Records provided:
·····

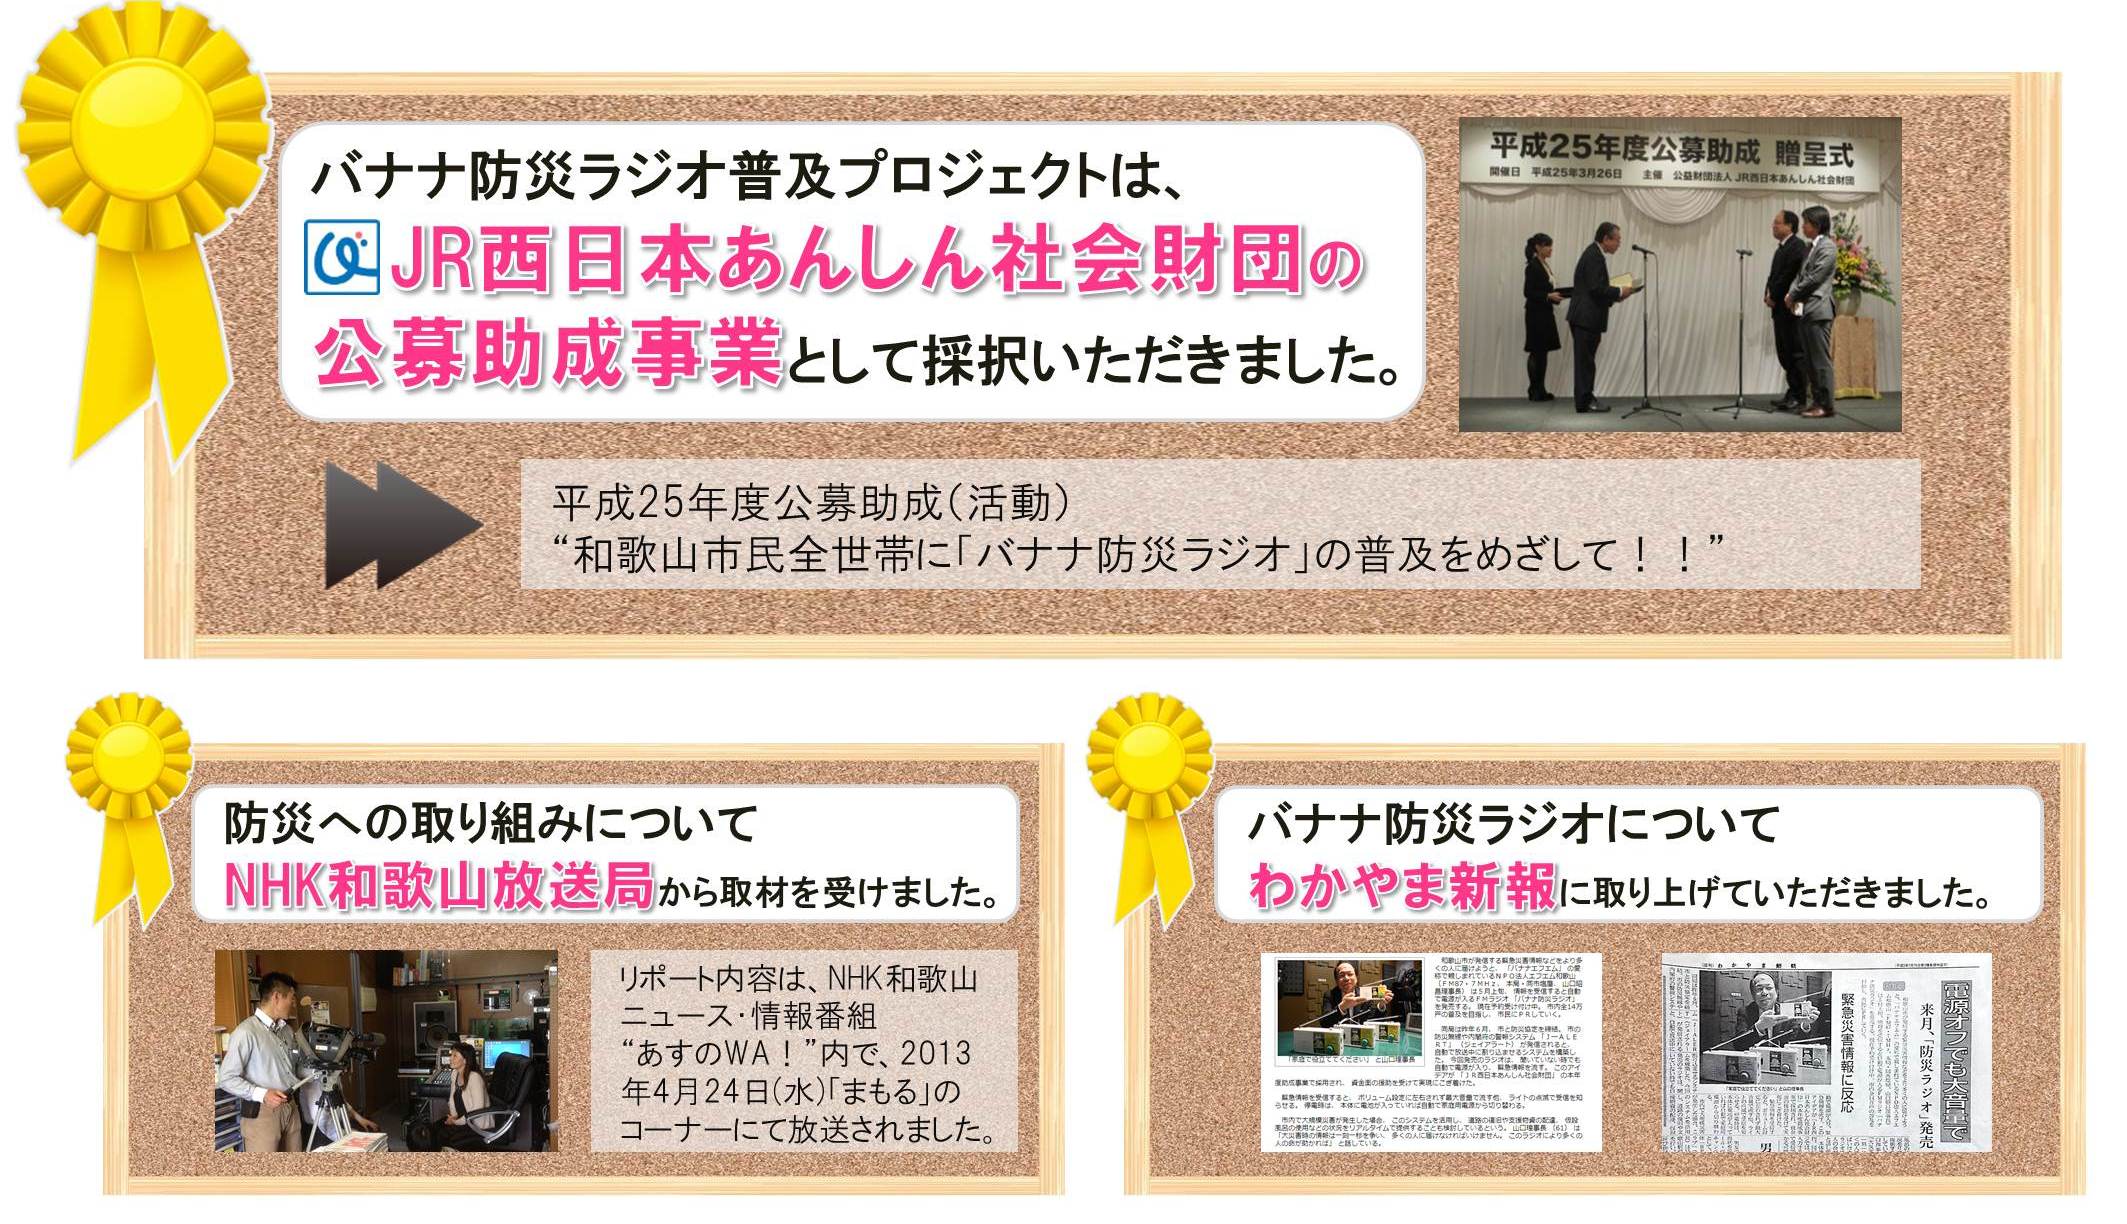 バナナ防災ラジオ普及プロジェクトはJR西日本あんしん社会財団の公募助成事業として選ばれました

·····

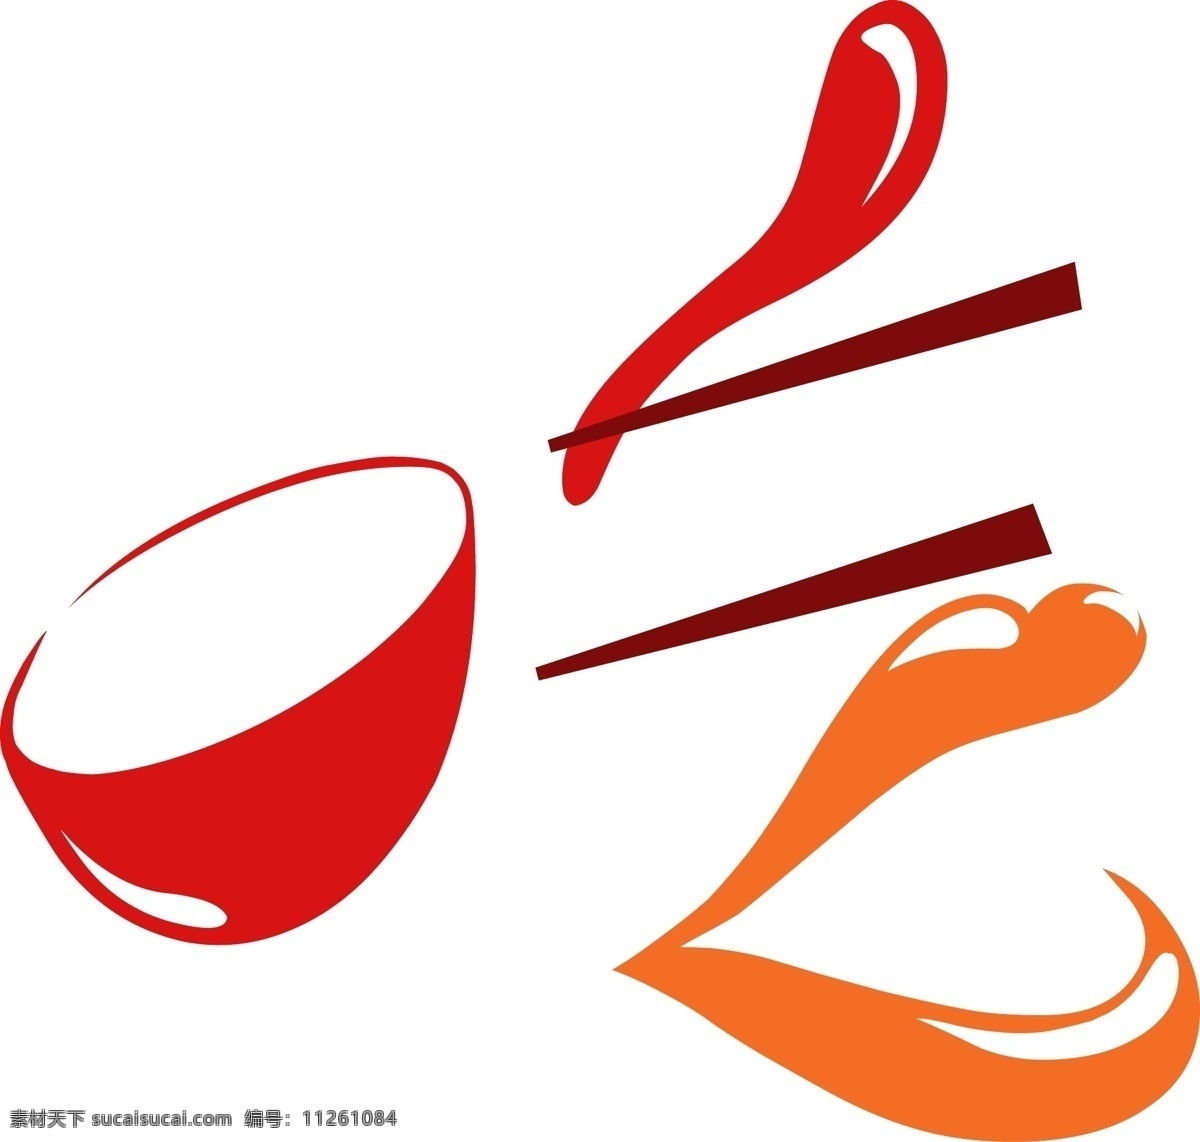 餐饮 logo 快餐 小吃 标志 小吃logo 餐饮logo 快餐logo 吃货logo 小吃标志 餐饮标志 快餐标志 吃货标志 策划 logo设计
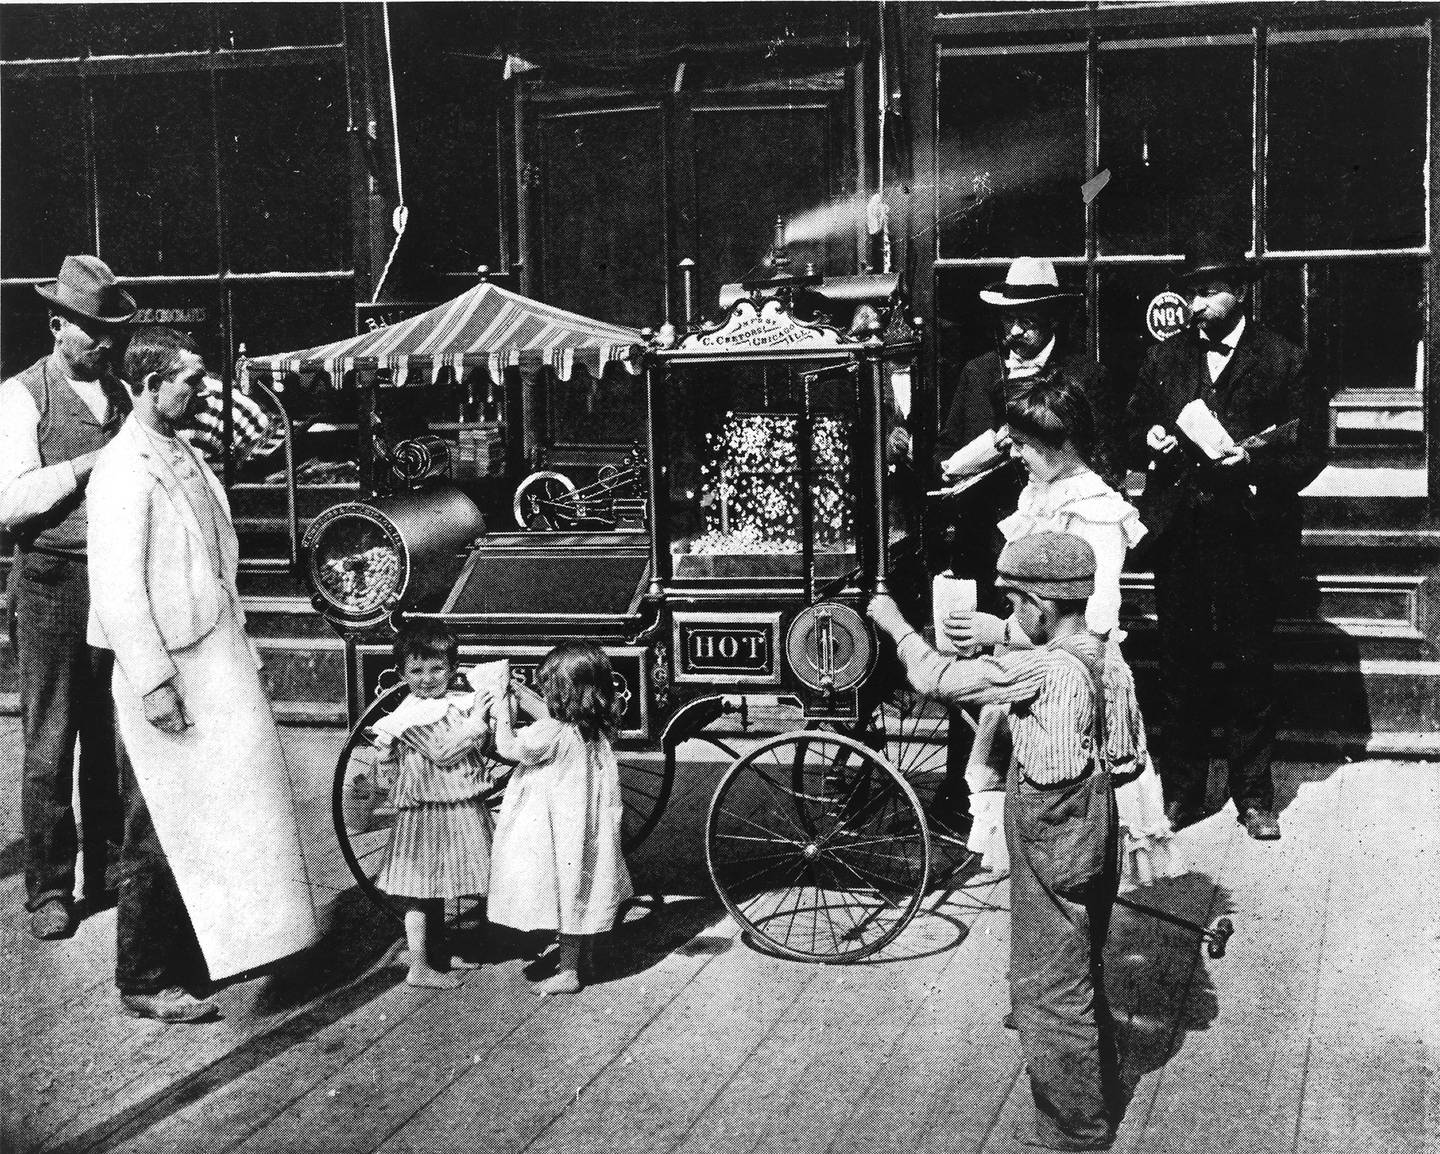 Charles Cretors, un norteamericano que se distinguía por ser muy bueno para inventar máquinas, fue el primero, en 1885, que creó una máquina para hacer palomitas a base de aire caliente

·····

In the listing above, find the line with "餐饮 logo 快餐 小吃" and the line with "Charles Cretors, un". Output both, plus every line between them, and no pictures.

Written reply:
 餐饮 logo 快餐 小吃 标志 小吃logo 餐饮logo 快餐logo 吃货logo 小吃标志 餐饮标志 快餐标志 吃货标志 策划 logo设计
 Charles Cretors, un norteamericano que se distinguía por ser muy bueno para inventar máquinas, fue el primero, en 1885, que creó una máquina para hacer palomitas a base de aire caliente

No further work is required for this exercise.